PARIS: Engie a revu à la hausse ses perspectives pour l’année 2026 après un premier semestre au cours duquel l'énergéticien a été porté par l’accélération de l’électrification et l’acquisition du distributeur britannique d’électricité UK Power Networks.

"Partout où nous opérons, l'électrification s'accélère, les besoins en infrastructure, en flexibilité, en solution bas carbone continuent de croître", a déclaré Catherine MacGregor, la directrice générale lors d’une conférence téléphonique vendredi. "Et tous les métiers d'Engie sont au coeur de ces transformations".

"Qu'il s'agisse des renouvelables, des batteries, des réseaux électriques, des infrastructures locales ou encore des offres dédiées aux +data centers+, nous accélérons nos investissements dans les activités qui répondent justement aux évolutions structurelles du système énergétique", a-t-elle ajouté.

Sur les six premiers mois de l'année, le bénéfice net a progressé de 13,7% à 3,3 milliards d’euros. Le chiffre d’affaires en revanche a reculé de 3,6% à 36,7 milliards d’euros.

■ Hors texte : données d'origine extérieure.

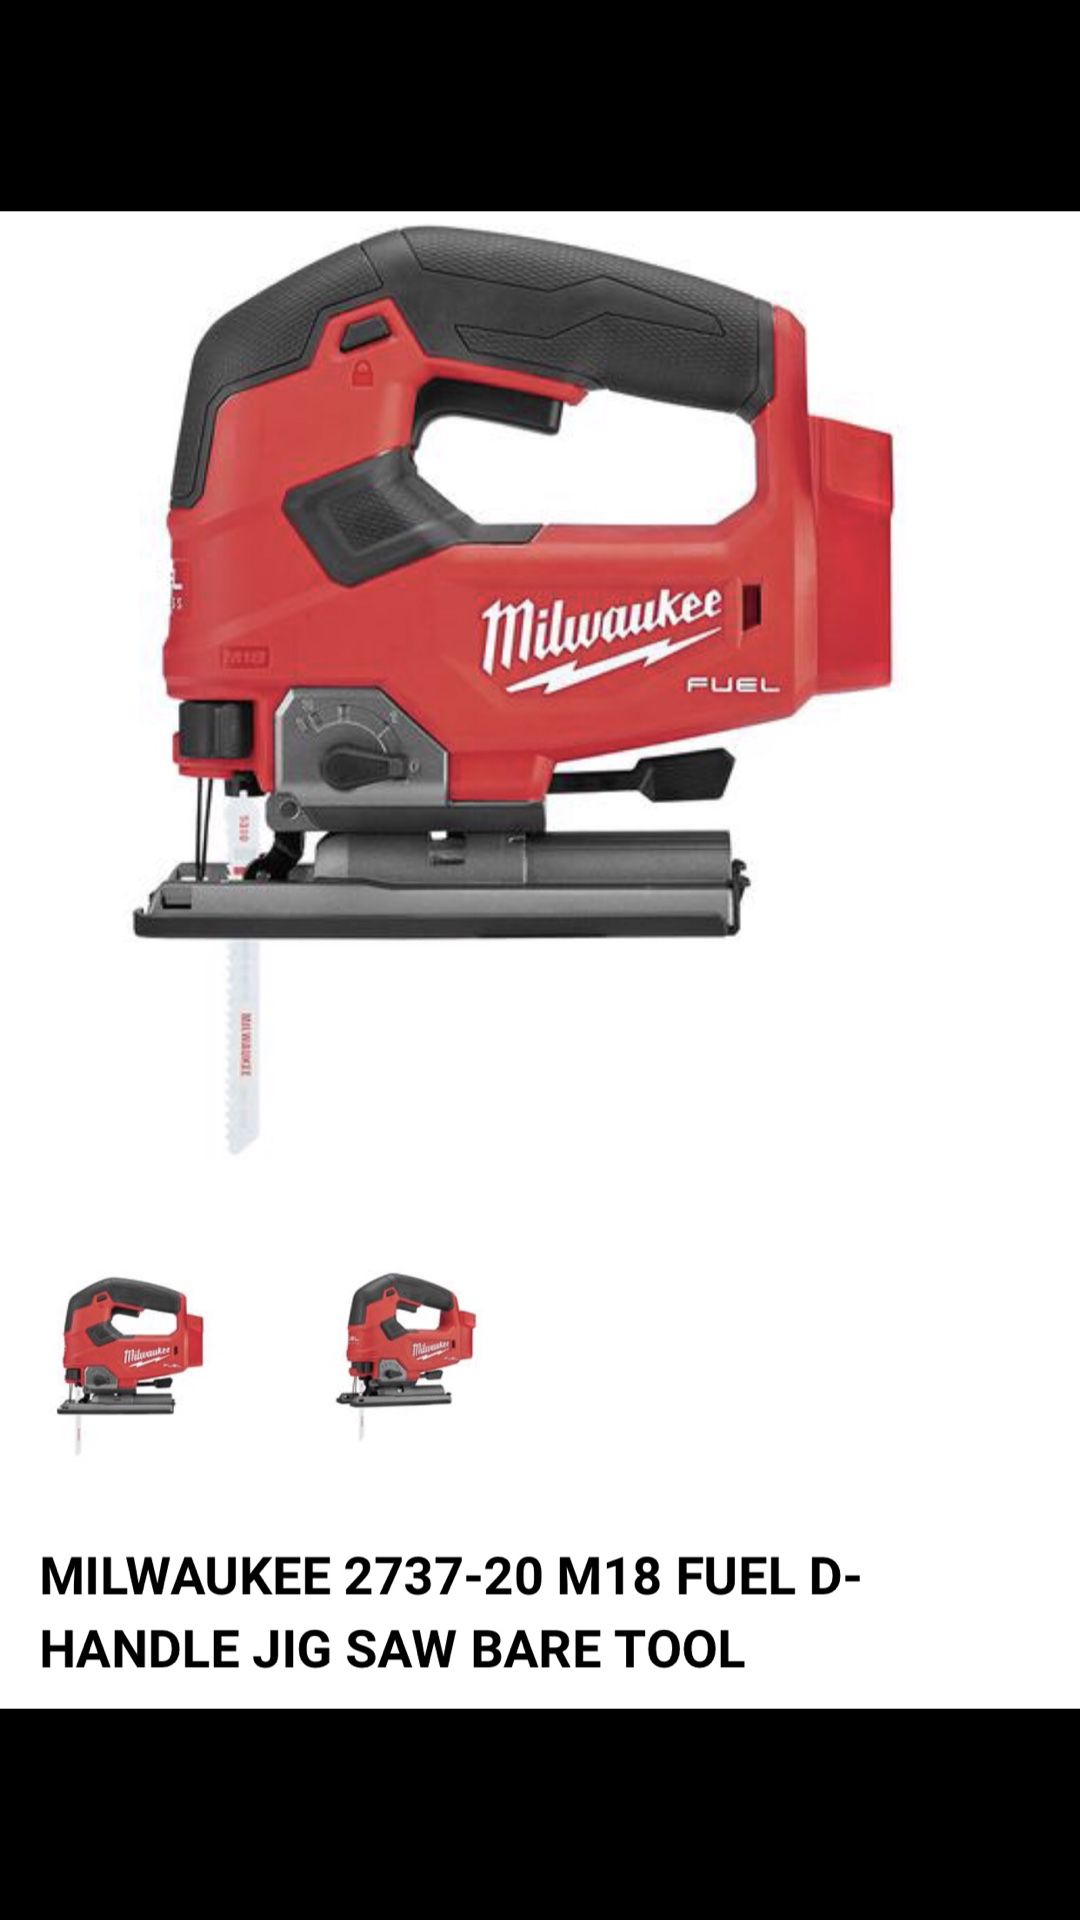 MILWAUKEE 2737-20 M18 FUEL D-HANDLE JIG SAW BARE TOOL for Sale in San Jose,  CA OfferUp

Le groupe a bénéficié de sa dynamique opérationnelle lors de ces six mois et estime que son plan de performance en cours a contribué pour 304 millions d’euros à l'amélioration des résultats.

Il a également été porté par l’activité gaz soutenue par des conditions de marché favorables.

Côté perspectives, Engie a revu à la hausse son objectif de résultat net récurrent pour 2026 à un niveau compris entre 4,9 et 5,5 milliards d’euros (contre une fourchette de 4,6 à 5,2 milliards d’euros annoncée précédemment). Au premier semestre, cet indicateur qui exclut les activités exceptionnelles, s'est établi à 3 milliards d'euros.

L’Ebit (résultat opérationnel ajusté) hors nucléaire est quant à lui attendu dans une fourchette indicative de 9,2 à 10,2 milliards d’euros (contre 8,7 à 9,7 milliards d’euros auparavant).

"Nos activités de génération et nos infrastructures gazières jouent un rôle déterminant dans la sécurité du système et la maîtrise de son coût", a souligné Catherine MacGregor.

"C'est bien la cohérence stratégique associée à la solidité de nos modèles intégrés et à notre capacité d'exécution qui nous permet d'aborder la suite de l'année avec confiance et de relever notre +guidance+", a-t-elle conclu.